Oltre la chiesa, prevediamo anche un’altra struttura organica con aule scolastiche, piccola biblioteca, sala per incontri e computer room per venire incontro alle esigenze del nostro programma di coscientizzazione e di promozione umana. Proprio in questi giorni ne sto parlando con il vescovo e con il mio superiore regionale per finalizzare la cosa in maniera da poter iniziare i lavori prima della stagione delle piogge.

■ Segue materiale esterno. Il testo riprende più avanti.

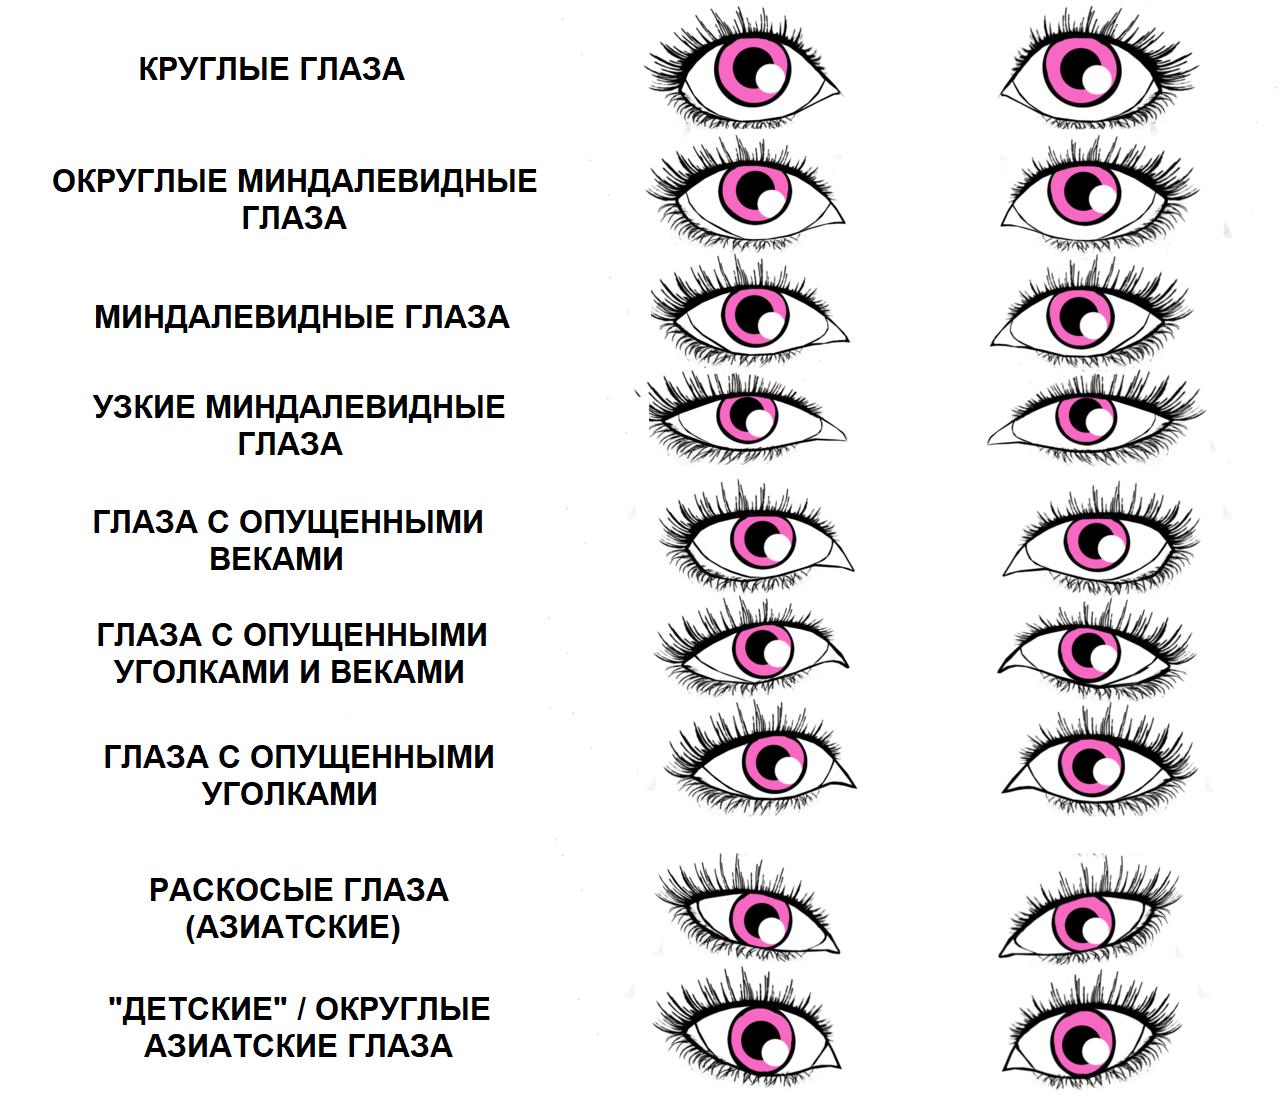 виды глаз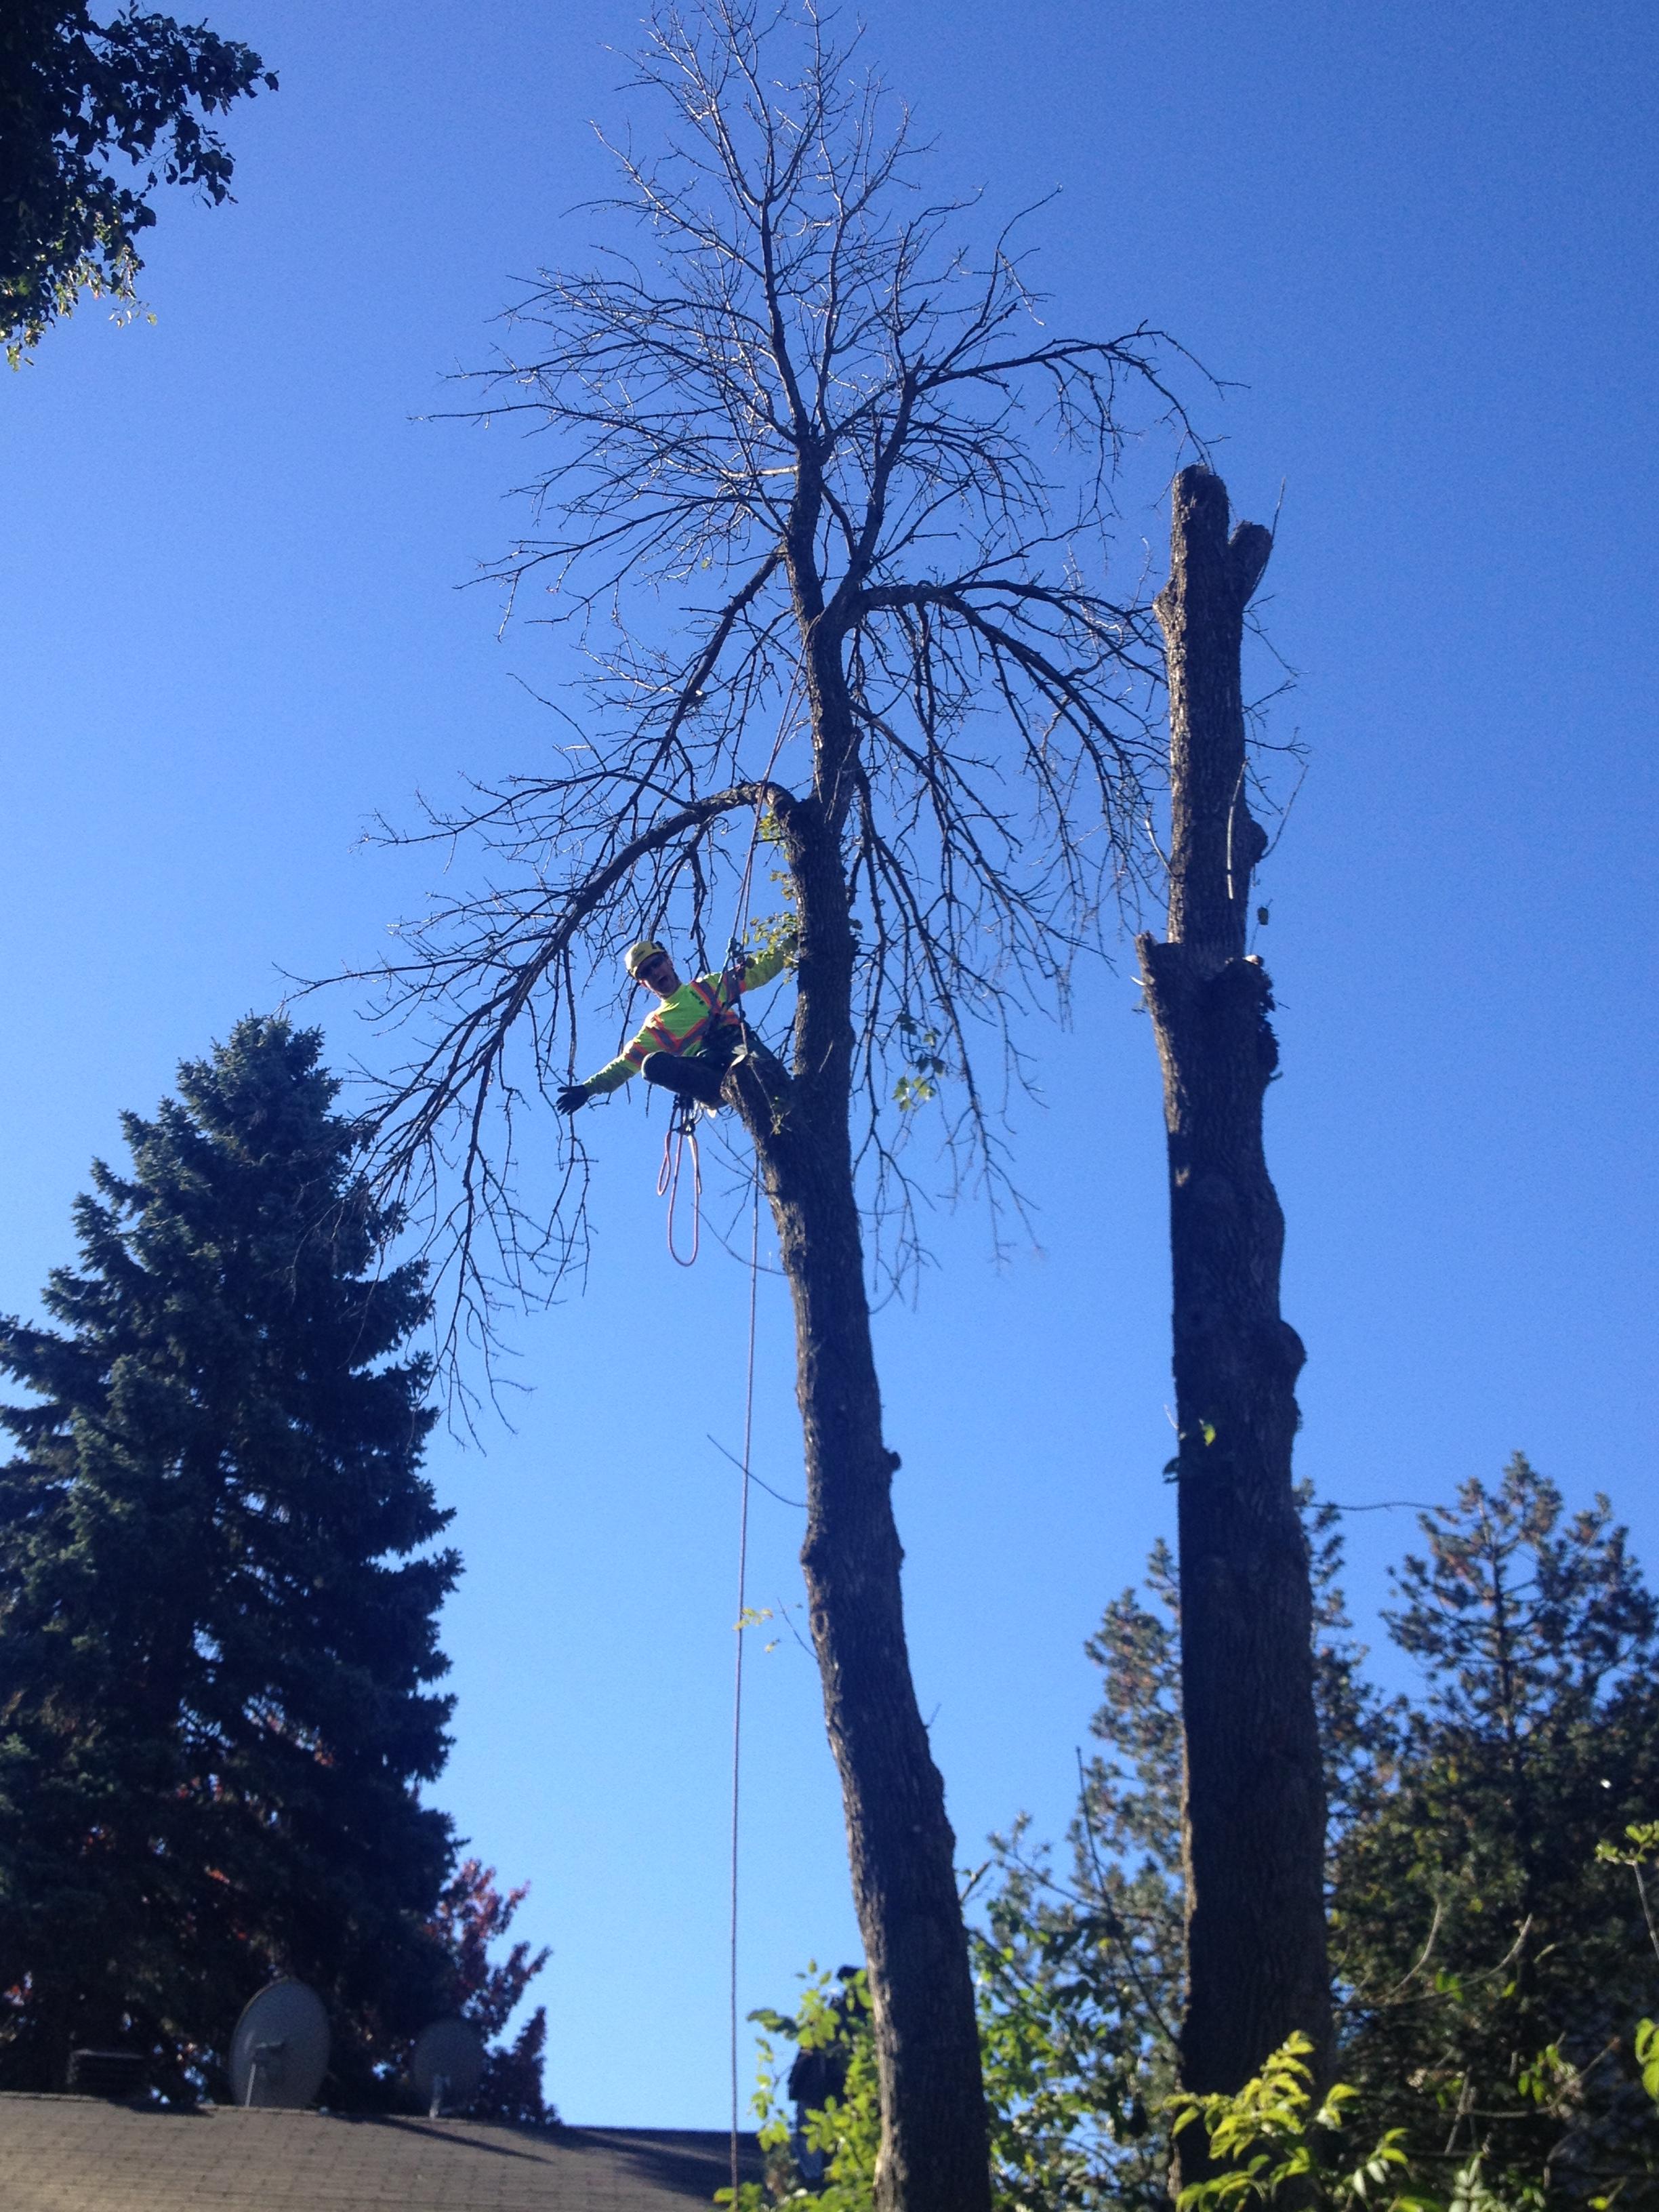 Arborist, Tree Service - Img 4993

Ho appena concluso una serie di incontri in tutti i villaggi in cui siamo presenti con il nostro Tuition Program. Facciamo questo tipo di incontri all’inizio e alla fine di ogni anno scolastico. Sono momenti di coscientizzazione, a cui noi abbiamo dato sempre molta importanza. Sono presenti gli studenti e i loro genitori, papà e mamma. Ogni anno si affronta un tema diverso strettamente connesso con la loro situazione concreta. L’anno scorso, per esempio, abbiamo affrontato il problema del matrimonio in tenera età (ballo bibaho), così diffuso in questa società e che è un’autentica piaga nel mondo dei nostri fuori-casta. Alla fase di coscientizzazione segue di solito una linea di azione concreta per incrementare le decisioni prese.

Negli incontri di quest’anno, invece, abbiamo creduto opportuno insistere sulla necessità di creare aggregazione fra di loro per superare le divisioni, che sono la loro maggiore debolezza e offrono il lato agli altri gruppi di intervenire nei loro problemi. Con il pretesto di aiutarli, essi, in realtà, continuano a tenerli in uno stato di soggezione e cattività: la libertà dalla schiavitù non la regala nessuno, bisogna conquistarsela!

Di solito, in questi incontri, io prendo la parola alla fine, dopo che tutti hanno detto la loro. Quest’anno mi è venuta una ispirazione, che poi ho espresso con forte carica di convinzione ed ho potuto constatare con piacere che il mio discorso coglieva nel segno e veniva recepito. Ho esordito con una domanda che li ha colti di sorpresa. Ho chiesto alla mia gente: “Ci chiamano Rishi, Muchi, Dalit, Das, perché? Siamo stati noi a scegliere questo nome (mi includo nella domanda, perché anch’io ho assunto il nome Das) o sono stati altri ad appiccicarcelo? Evidentemente non siamo stati noi a scegliere il nome. Sono stati altri che ci hanno etichettato così. E perché ci hanno dato questo nome? Per ricordarci: Tu sei Das (=schiavo) e tale devi rimanere! (Tra l’altro, in lingua bengalese, dalla parola Das deriva anche Dasotto, che significa schiavitù). Adesso finalmente abbiamo aperti gli occhi e ci siamo accorti di questo trucco enorme perpetrato per secoli alle nostre spalle. Abbiamo iniziato una lunga marcia che ci porterà dalla schiavitù alla libertà…”

Qui naturalmente il discorso si fa molto più ampio e interessante, ma io chiudo qui per il momento per non annoiarti troppo. Avremo ancora modo di risentirci. Di nuovo un caro saluto a tutti, un grande grazie ed una benedizione dall’Alto.